30 percent said they place equal trust in a diagnosis from a chatbot and a diagnosis from a doctor, and one sixth of respondents said that they have disregarded a doctor’s advice in favour of the chatbot’s advice at least once.
However, 69 percent of respondents also said they were worried medical chatbots would lead to fewer in-person consultations and 56 percent said they were worried about AI chatbots misdiagnosing their medical conditions.

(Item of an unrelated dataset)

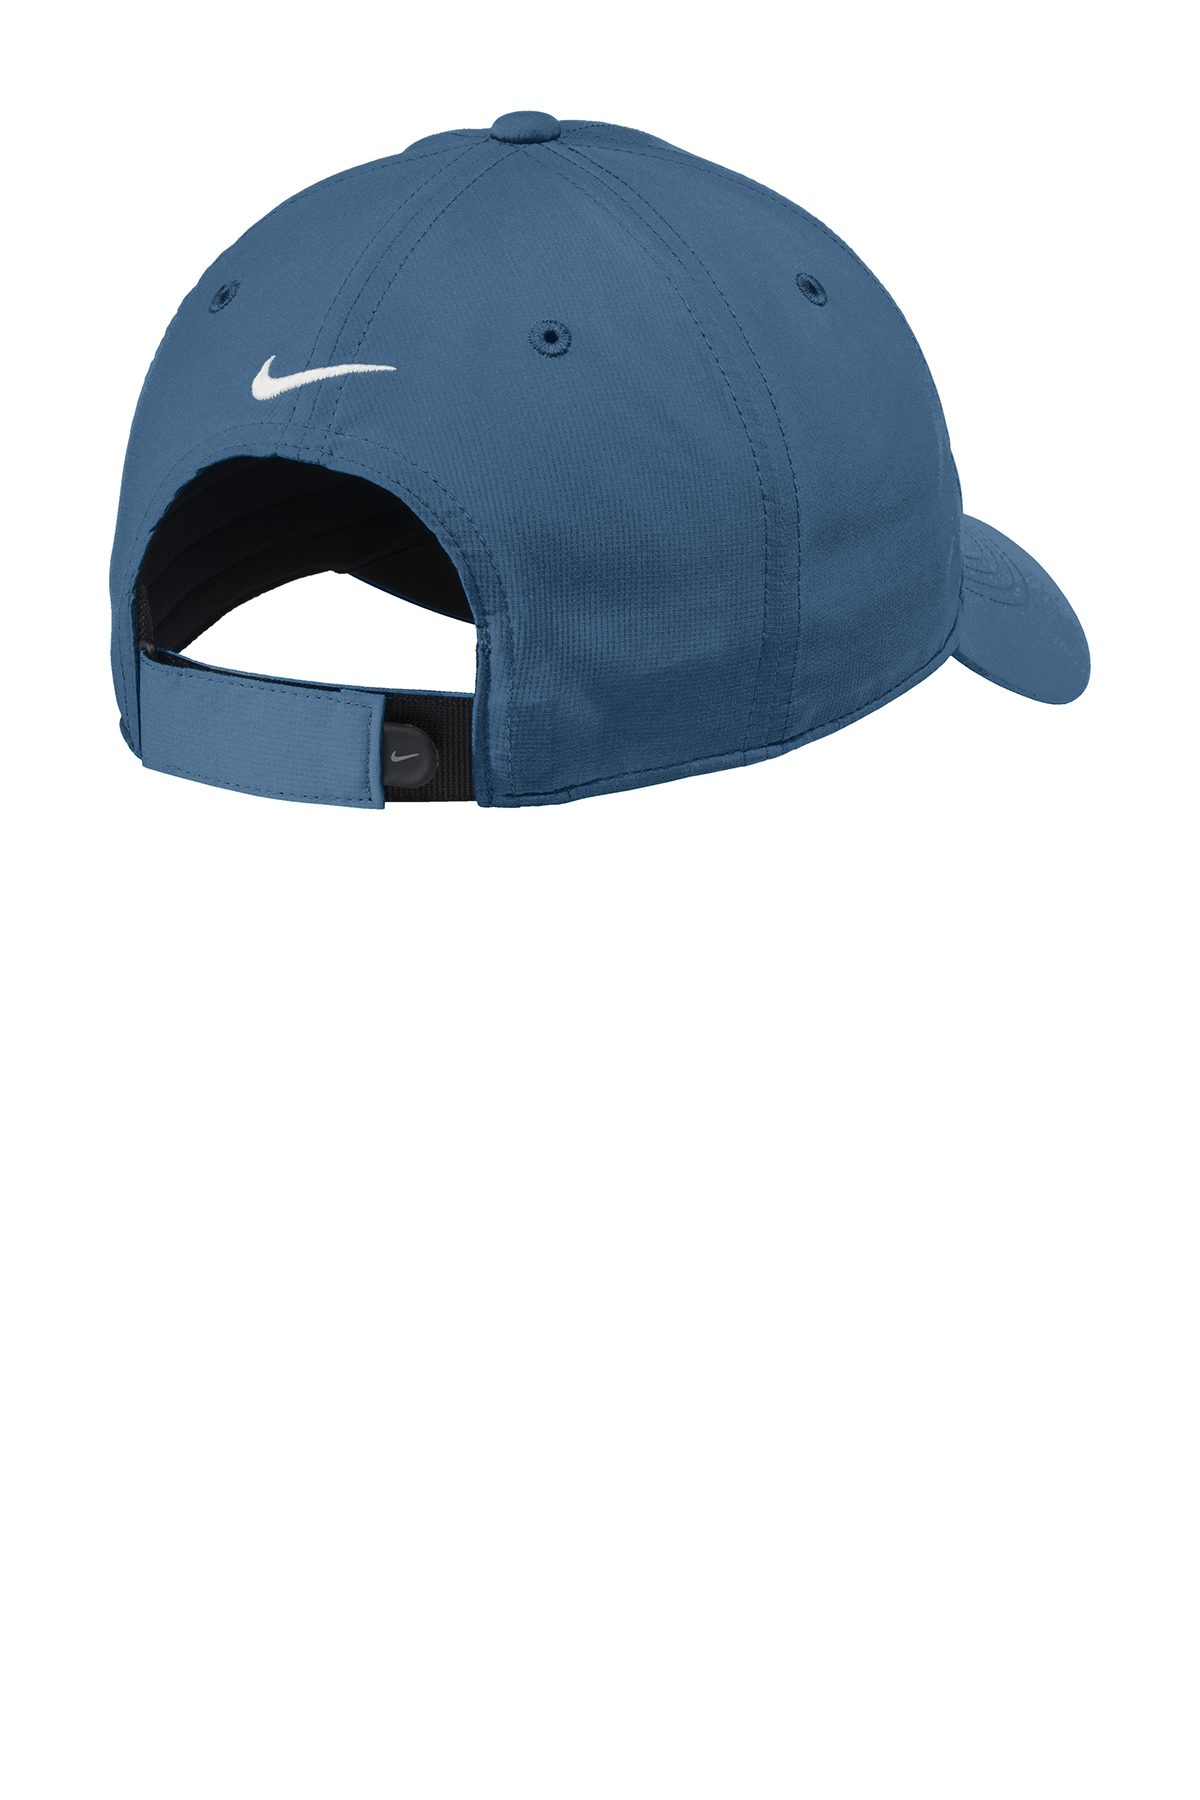 Nike Dri-FIT Tech Cap | Product | SanMar

Respondents are worried about medical data misuse
While 46 percent of respondents would agree to their medical data being used to train AI models, 71 percent were worried chatbot companies misusing their medical data.
According to a European Commission plan to scale back General Data Protection Regulations (GDPR) law, it might soon be less clear to “patients” in a “chatbot clinic” to recognise when they are giving platforms permission to use their medical information to train AI models.
If the “Digital Omnibus” becomes legislation, websites operating in the EU would no longer have to ask for users’ explicit consent to track their cookies. Companies would be able to train AI on the personal data collected by cookies if it was justified by “legitimate interests”, “beneficial for the data subject and society at large”.
Lawyers specialising in data privacy believe that if companies can gather much more data by claiming “legitimate interest” to process personal data to train AI models, the EU would open the floodgates to large-scale data mining, to which individuals haven’t consented.
Large-scale data mining is when companies, organisations or authorities analyse huge amounts of personal data to understand patterns - this is widely considered to be a privacy violation. This is exactly what GDPR laws were initially designed to prevent.